Sarà rimasto sorpreso nel vederlo appassionarsi a cause strampalate o soffermarsi a discutere con interlocutori occasionali, o ancora intento a regalare un libro o una sua foto al cuoco di un ristorante o a una persona appena incontrata. Sarà stato a sua volta immortalato in un fermo immagine di cui perderà ogni traccia, salvo vederlo rispuntare anni dopo perché la foto ha bisogno di stagionare per acquistare valore, fosse pure solo simbolico o personale».

Dondero era nato il 6 maggio del 1928 a Milano, ma era di origine genovese. Da adolescente, durante la guerra, aveva partecipato alla Resistenza nel nord dell’Italia («sesta Brigata Garibaldi, divisione Piave, ma non ho fatto nulla di eroico»; «sono andato in montagna perché mia madre nascondeva in casa degli ebrei ed ero indignato per questo, il fascismo per me è qualcosa di ignobile»). Subito dopo iniziò a collaborare con diversi quotidiani, come L’Unità, L’Avanti, Milano Sera, il Manifesto, o ancora la rivista L’Ora, che riprendendo una frase del filosofo Walter Benjamin aveva lanciato lo slogan “una fotografia vale 1000 parole”: «Ho sempre creduto che non sarei stato capace di fare le foto, nemmeno di caricare la macchina fotografica. E poi pensavo alla scrittura, ero quasi sicuro che avrei seguito l’iter abituale dei reporter: cronista, poi gli elzeviri, la terza pagina, fino al caporedattore. Invece mi ha conquistato la libertà del fotografo, la solitudine, l’intimità con le persone che raramente un giornalista raggiunge. Il fotografo è in movimento, va in giro per il mondo», ha raccontato Dondero nel documentario “Calma e gesso”.

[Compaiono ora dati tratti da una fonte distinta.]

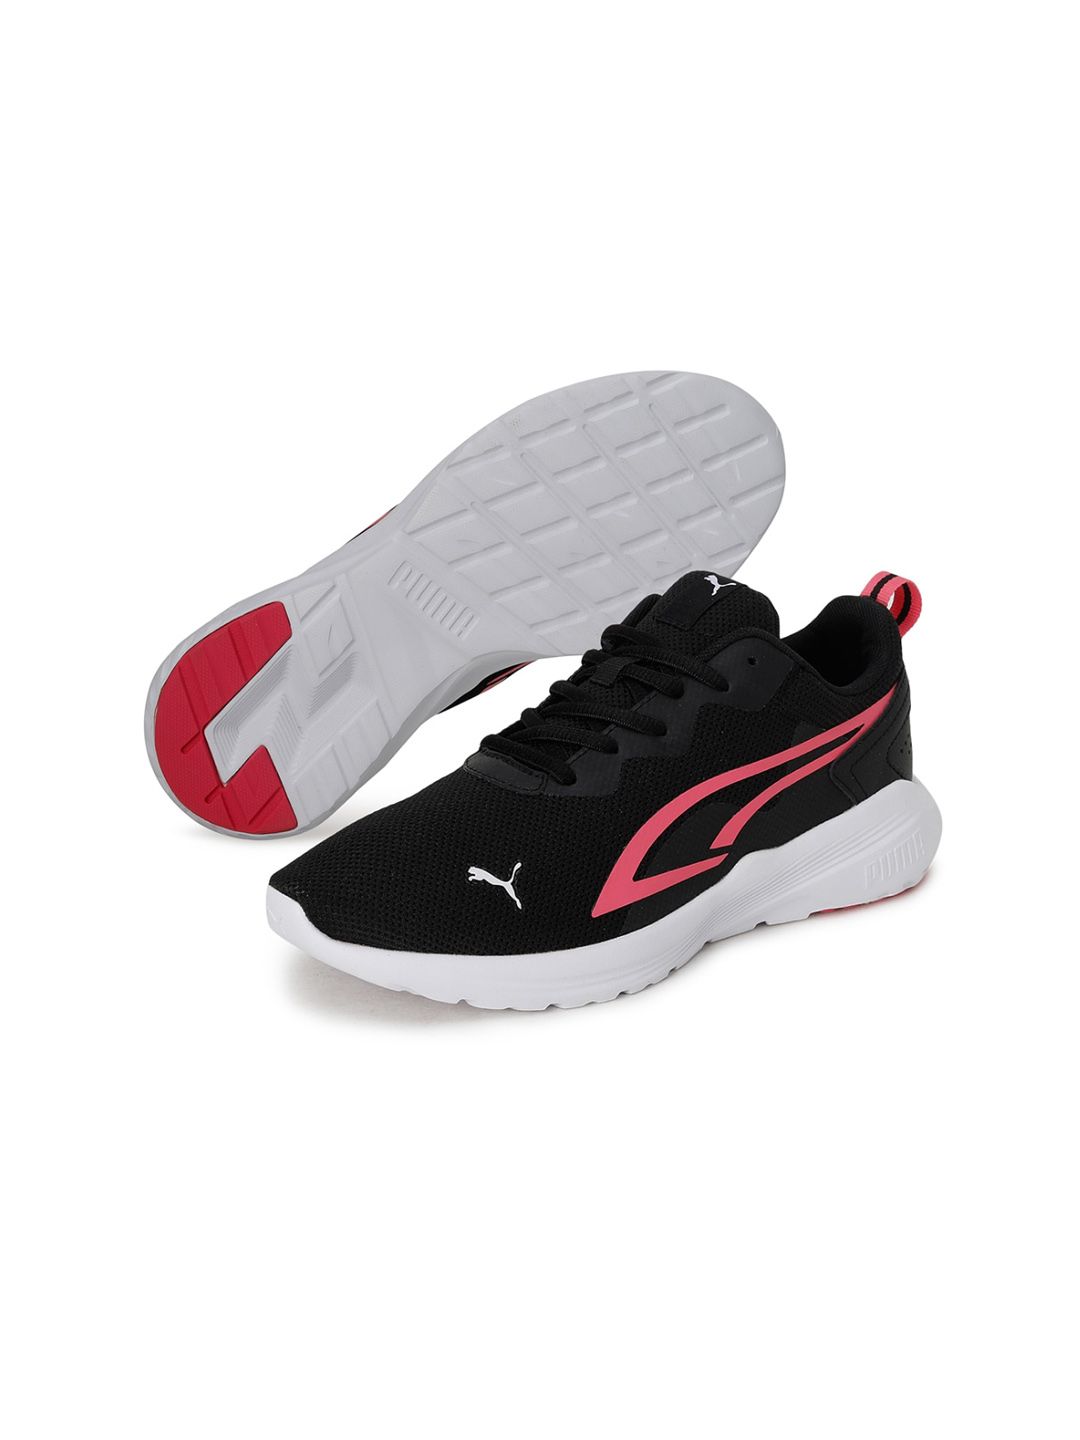 Puma Unisex Black All-Day Active Woven Design Sneakers Price in India

Nel 1955 Dondero si era trasferito a Parigi, dove aveva continuato a collaborare sia con la stampa italiana (L’Espresso e Epoca, tra gli altri) sia con quella francese (Le Monde, Le Nouvel Observateur). In Francia scattò una delle sue fotografie più famose, quella degli scrittori del “Nouveau Roman”, corrente letteraria nata negli anni Cinquanta, dove comparivano Alain Robbe-Grillet, Claude Simon, Claude Mauriac, Jérôme Lindon, Robert Pinget, Samuel Beckett, Nathalie Sarraute e Claude Ollier. In quegli anni cominciò a lavorare anprima1che con diverse riviste dedicate all’Africa per cui realizzò diversi reportage. Viaggiò anche in America Latina, a Cuba, in URSS e poi più di recente in Canada (2000), Afghanistan (nel 2004 con Emergency) e Russia (2006). La foto di Giuliana Sgrena tornata dal sequestro in Iraq, pubblicata sulla prima pagina del Manifesto e che fece immediatamente il giro del mondo, è sua.

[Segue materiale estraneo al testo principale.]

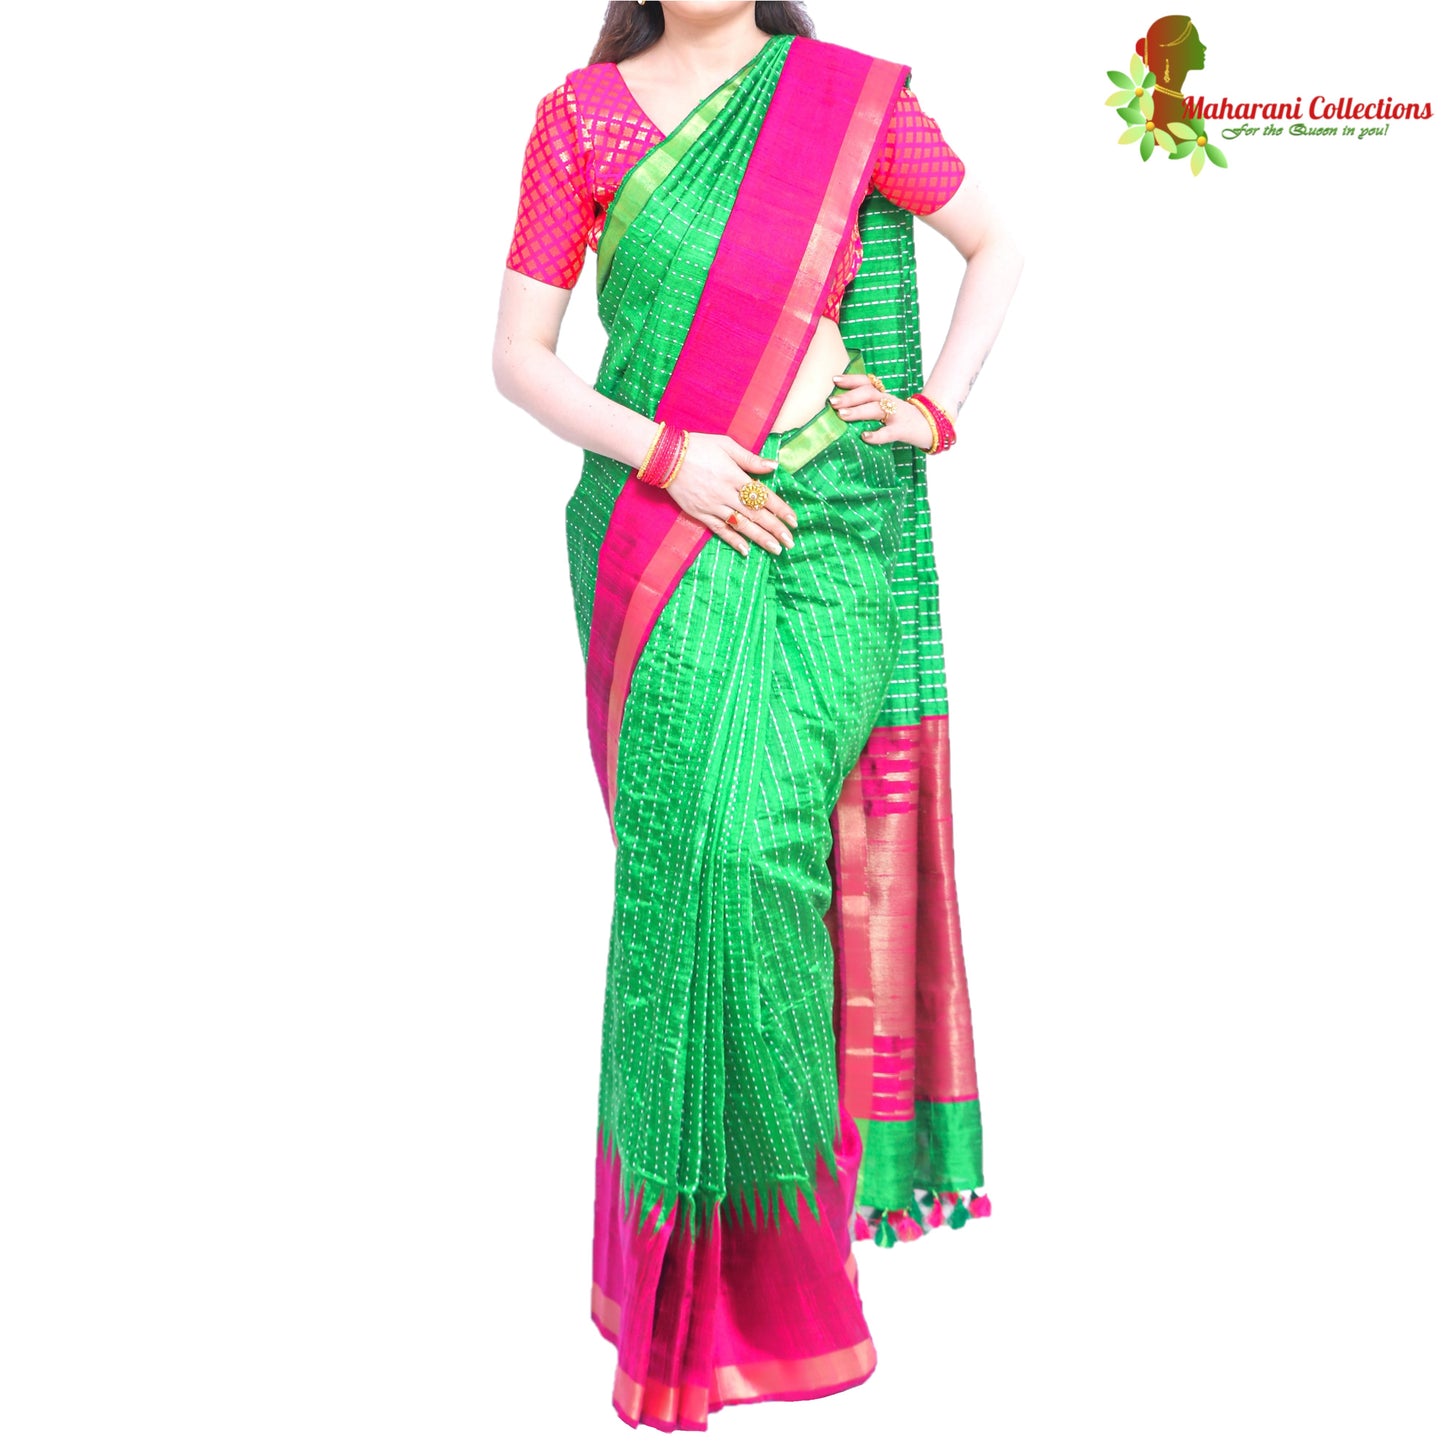 Pure Handloom Tussar Silk Saree - Green and Pink with Golden Zari and Temple Border

– Giacomo Papi: Chi era Mario Dondero, che arrivava e spariva

Fu amico e ritrasse importanti scrittori, artisti, attori e intellettuali, tra cui Pablo Picasso, Man Ray, Francis Bacon, Alberto Giacometti, Giuseppe Ungaretti, Maria Callas, Yves Montand, Serge Gainsbourg, Juliette Greco, Orson Welles, Federico Fellini, Michelangelo Antonioni, Luchino Visconti, Pier Paolo Pasolini, Jean-Paul Sartre, Simone de Beauvoir, Michel Foucault, Günther Grass, Pablo Neruda, Gabriel Garcia Marquez, Jorge Amado, Jean Genêt, Daniel Pennac, Elsa Morante, Alberto Moravia, Françoise Sagan. Ma anche molte e molti altri.

Mostra Pasolini

Dondero fu sempre impegnato politicamente ed espose le sue foto sia in Italia che all’estero: Parigi nel 2006, Bruxelles nel 2009 e Londra nel 2011, tra le mostre più importanti. Gli è stata dedicata una monografia pubblicata nel maggio 2011 dalle Edizioni Bruno Mondadori.